• _Assignment_: The data below contains pictures, which are to be skipped; the lines starting at the line with "Belle Emerald Cut" and ending at the line with "British flag on army jacket" are to be output exactly, both ends included.
── Information provided
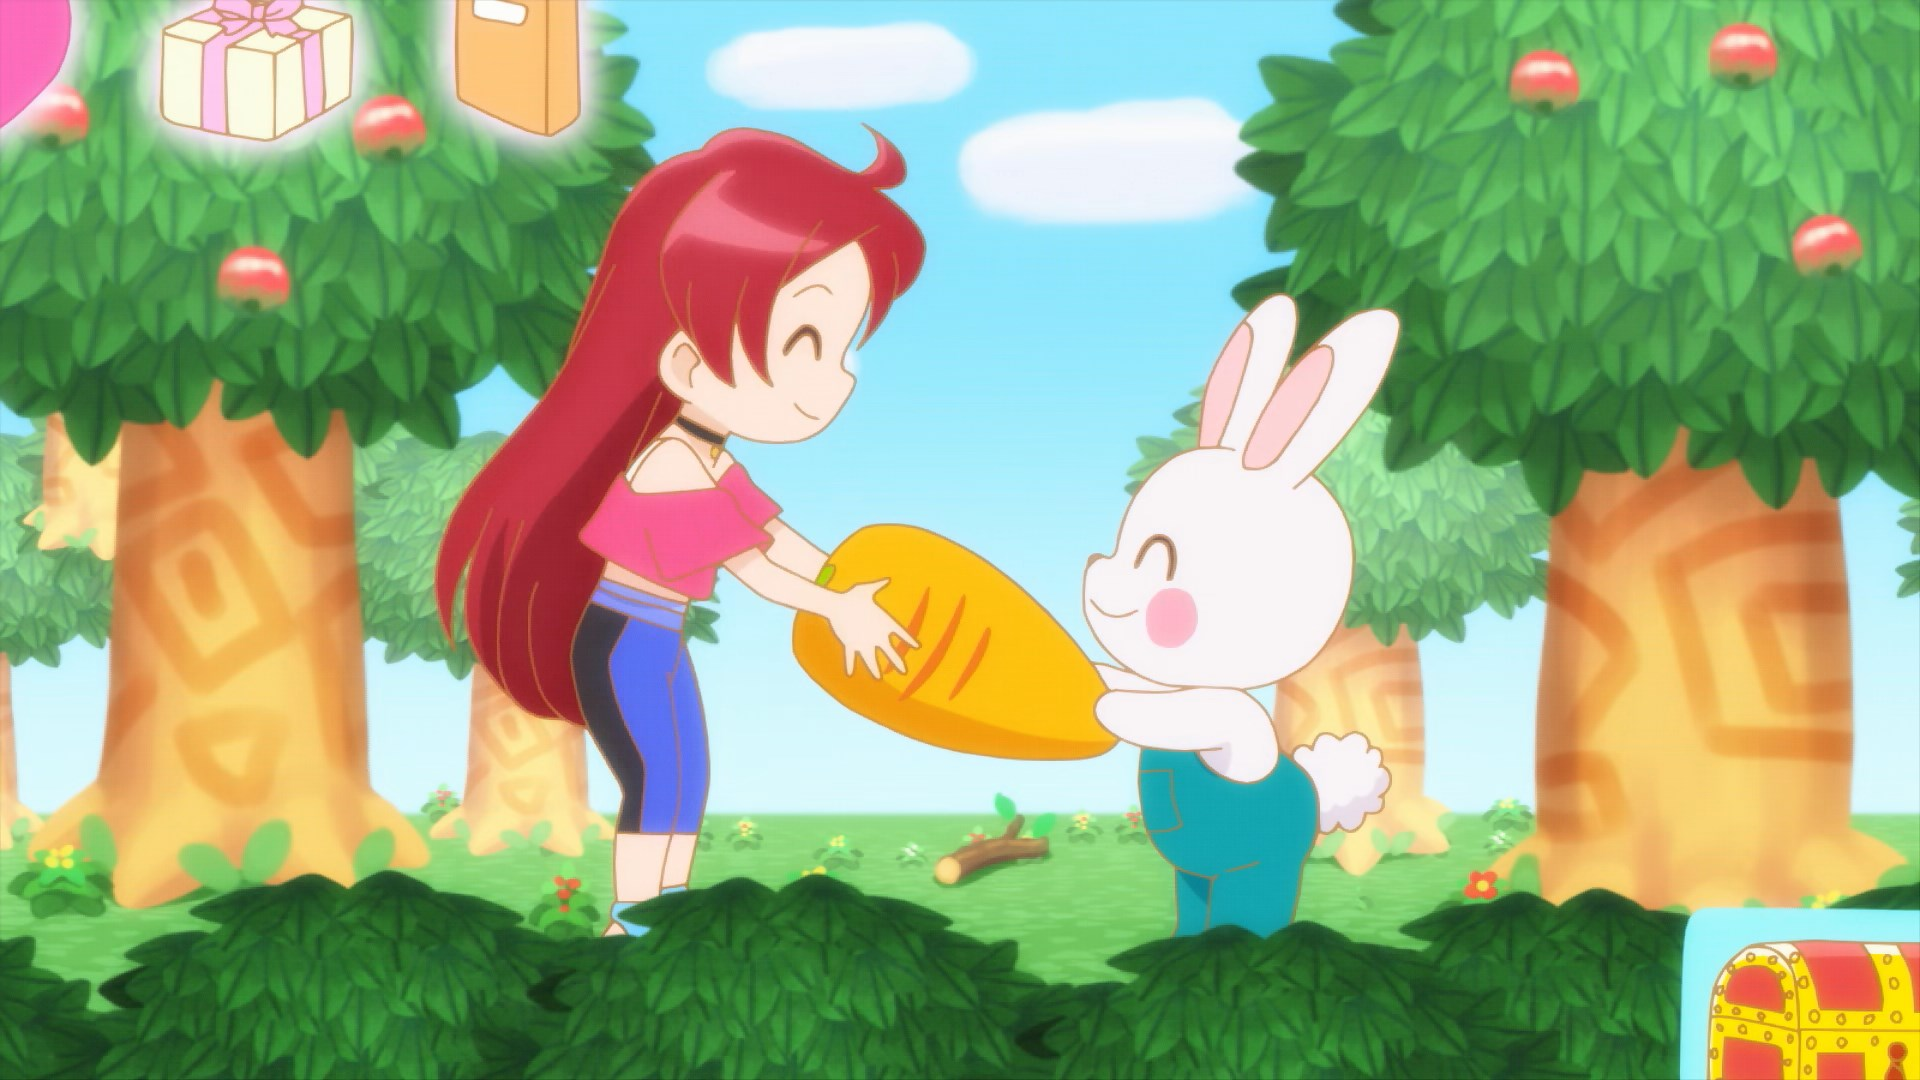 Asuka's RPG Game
────
── Information provided
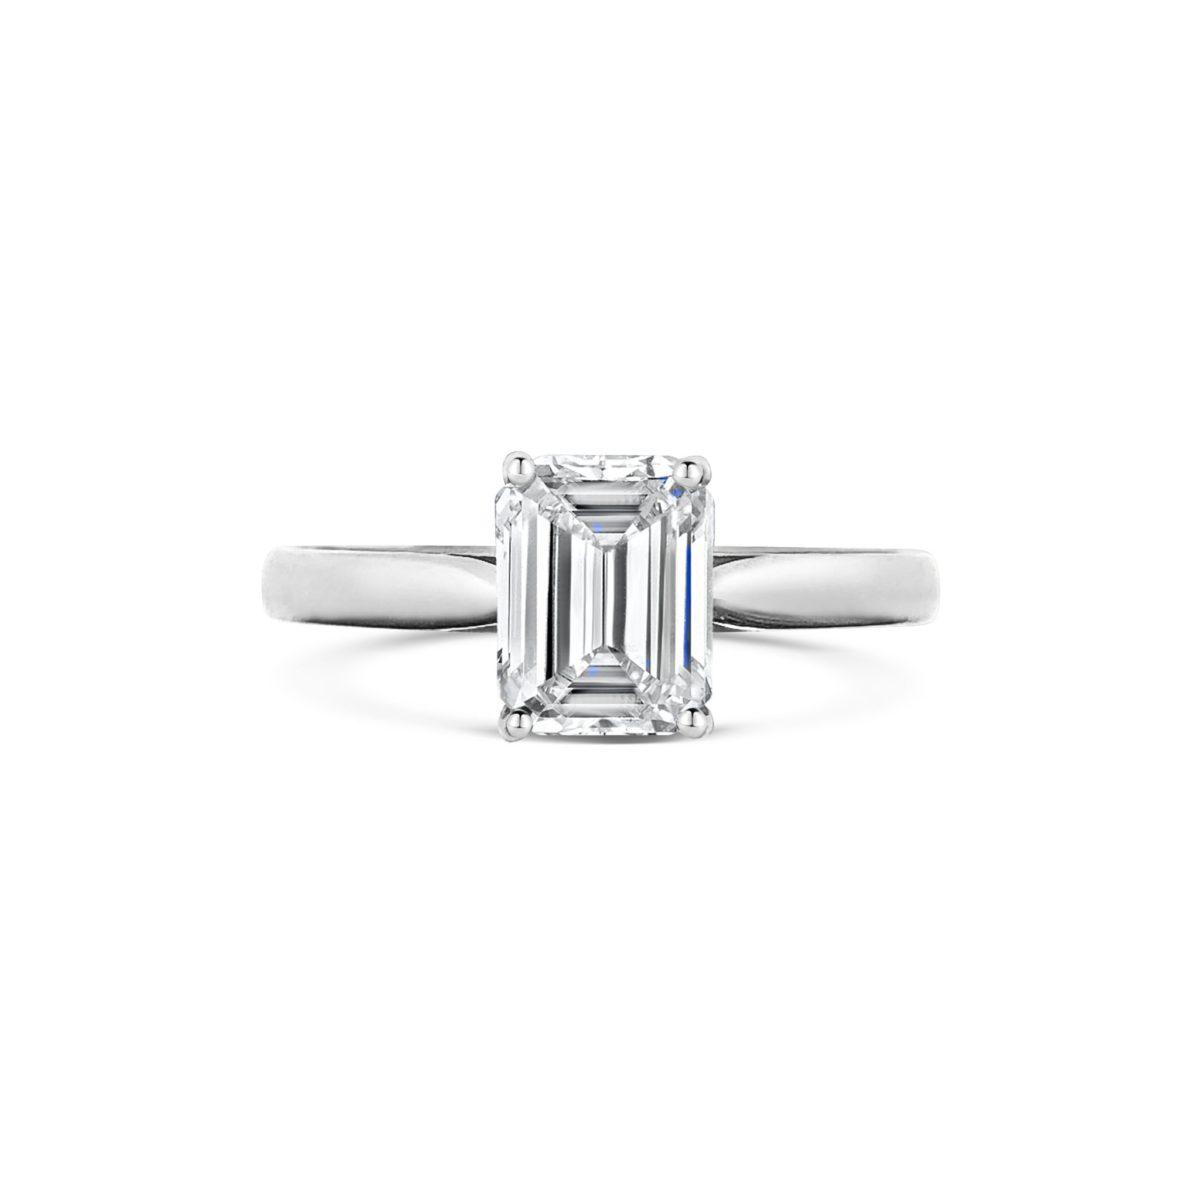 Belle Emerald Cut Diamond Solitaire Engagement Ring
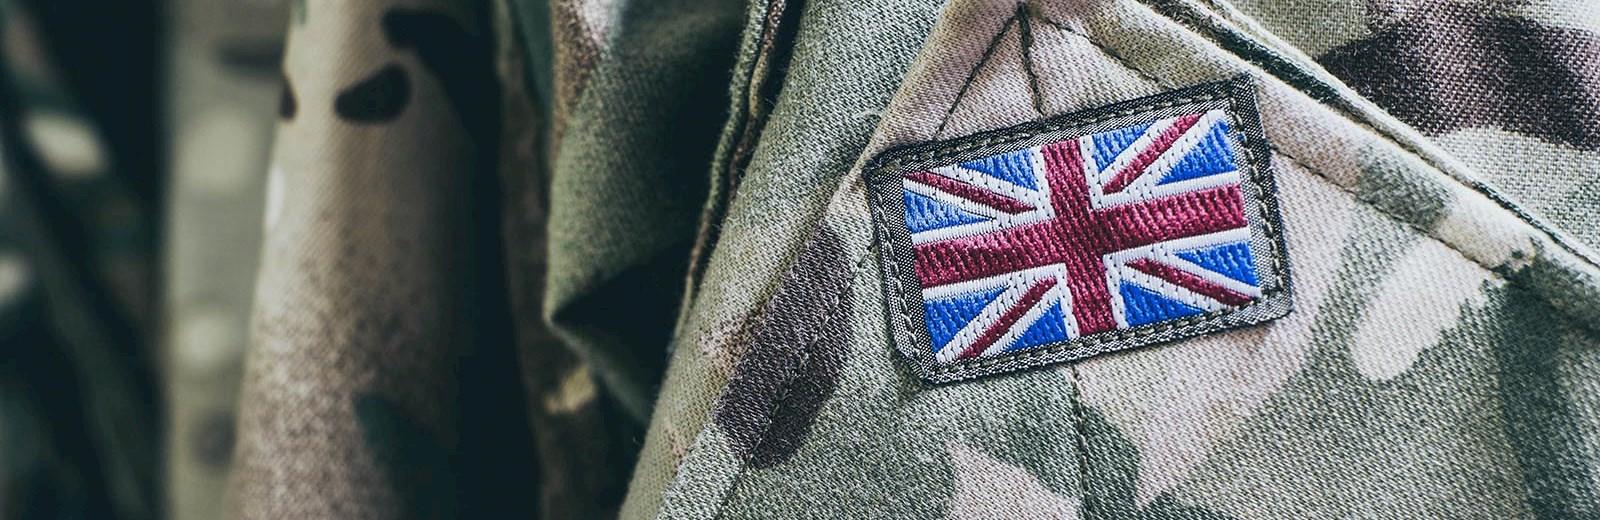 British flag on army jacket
────
• _Result below_:
 Belle Emerald Cut Diamond Solitaire Engagement Ring
 British flag on army jacket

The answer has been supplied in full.